Baca berita tanpa iklan. Gabung Kompas.com+

Perjuangan Dwi Aryani Mencari Keadilan Setelah Diusir Etihad Airways

Kompas.com - 05/12/2017, 06:57 WIB
Ambaranie Nadia Kemala Movanita

Penulis

Dianggap cari popularitas

Belum habis rasa kesalnya menghadapi perlakuan diskriminatif, Dwi kembali dibuat meradang dengan jawaban kuasa hukum dari Etihad Airways atas gugatannya ke pengadilan. Dwi dianggap mencari popularitas dengan mengangkat kasus ini.
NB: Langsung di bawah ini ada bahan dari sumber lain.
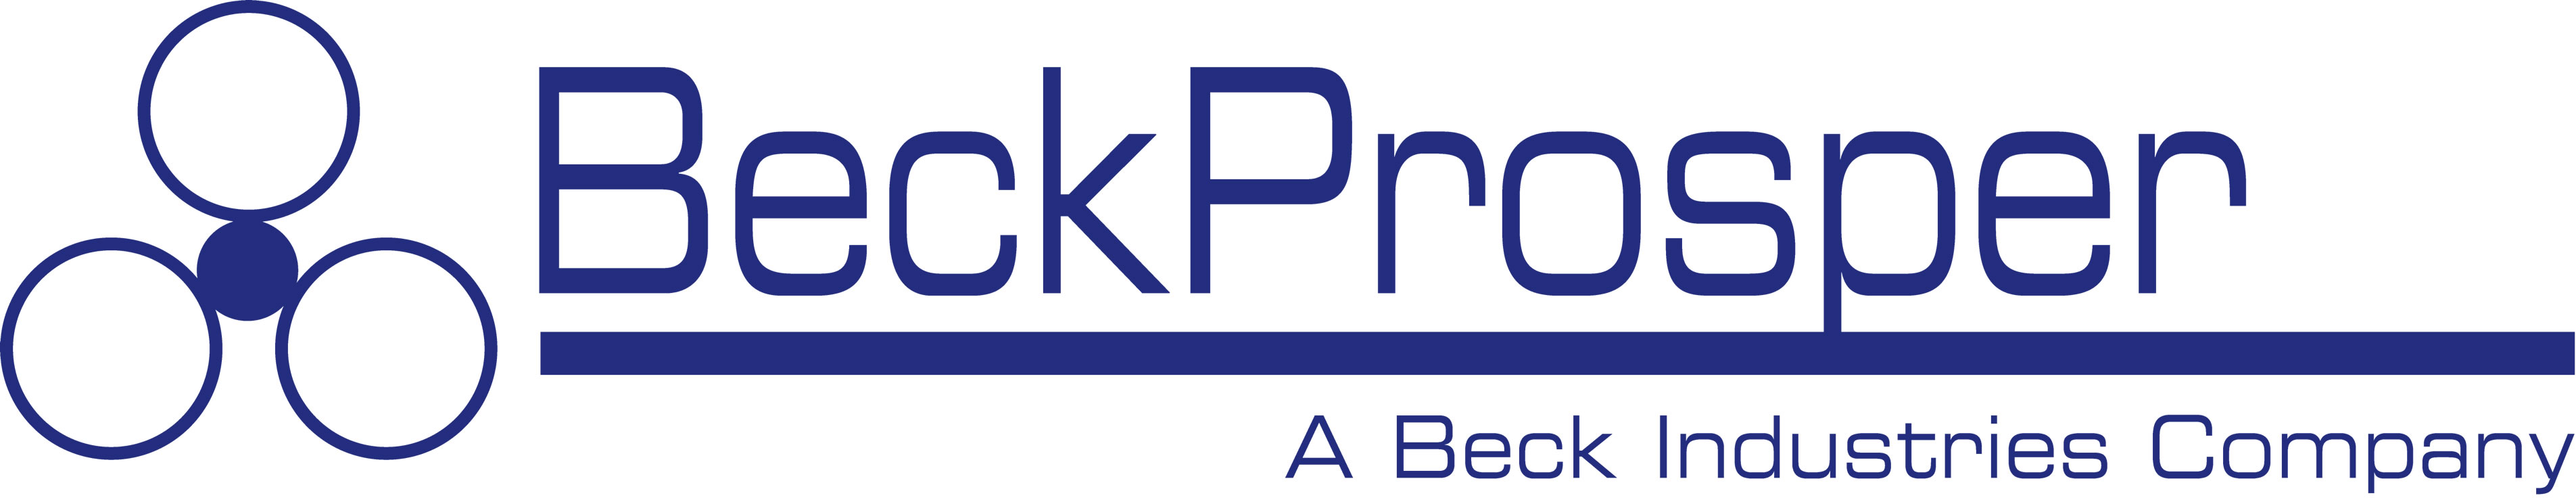 Beck Prosper Limited

"Saya mempertanyakan, popularitas yang mana? Sekarang saya tanya, mau tidak orang itu dikenal sebagai nama, di belakang namanya terus dikasih "orang yang diturunkan pesawat Etihad". Itu kan popularitas yang negatif kan," kata Dwi.

Dwi mengatakan, tak ada keuntungan bagi dirinya mencari sensasi dengan menggugat Etihad Airways. Justru ia memperjuangkan hak kaum disabilitas, jangan sampai kejadian serupa terjadi ke depan.

"Manusia tidak ada harganya gitu lho, diperlakukan seperti itu. Seperti barang diseleksi, tidak layak disuruh pergi begitu saja tanpa penjelasan yang pasti," kata Dwi.

Baca juga : Vonis Etihad Airways, Kado Terindah Hari Disabilitas Internasional

Mendengar jawaban pihak Etihad Airways, Dwi mengaku terguncang dan emosi. Ia tak percaya pernyataan semacam itu bisa terlontar dan membuatnya sangat tersudut.

Dwi mengatakan, sempat ada mediasi dari pengadilan antara dirinya dengan pihak tergugat. Maskapai tersebut menawarkan tiket penerbangan ke Eropa untuk dua orang. Namun, Dwi menganggap tawaran tersebut bukan kompensasi yang bisa menyelesaikan masalah begitu saja.

"Ini masalahnya cara anda memperlakukan saya itu udah diskriminasi. Lihat saya pakai kursi roda langsung ngelihat saya enggak boleh terbang," kata Dwi.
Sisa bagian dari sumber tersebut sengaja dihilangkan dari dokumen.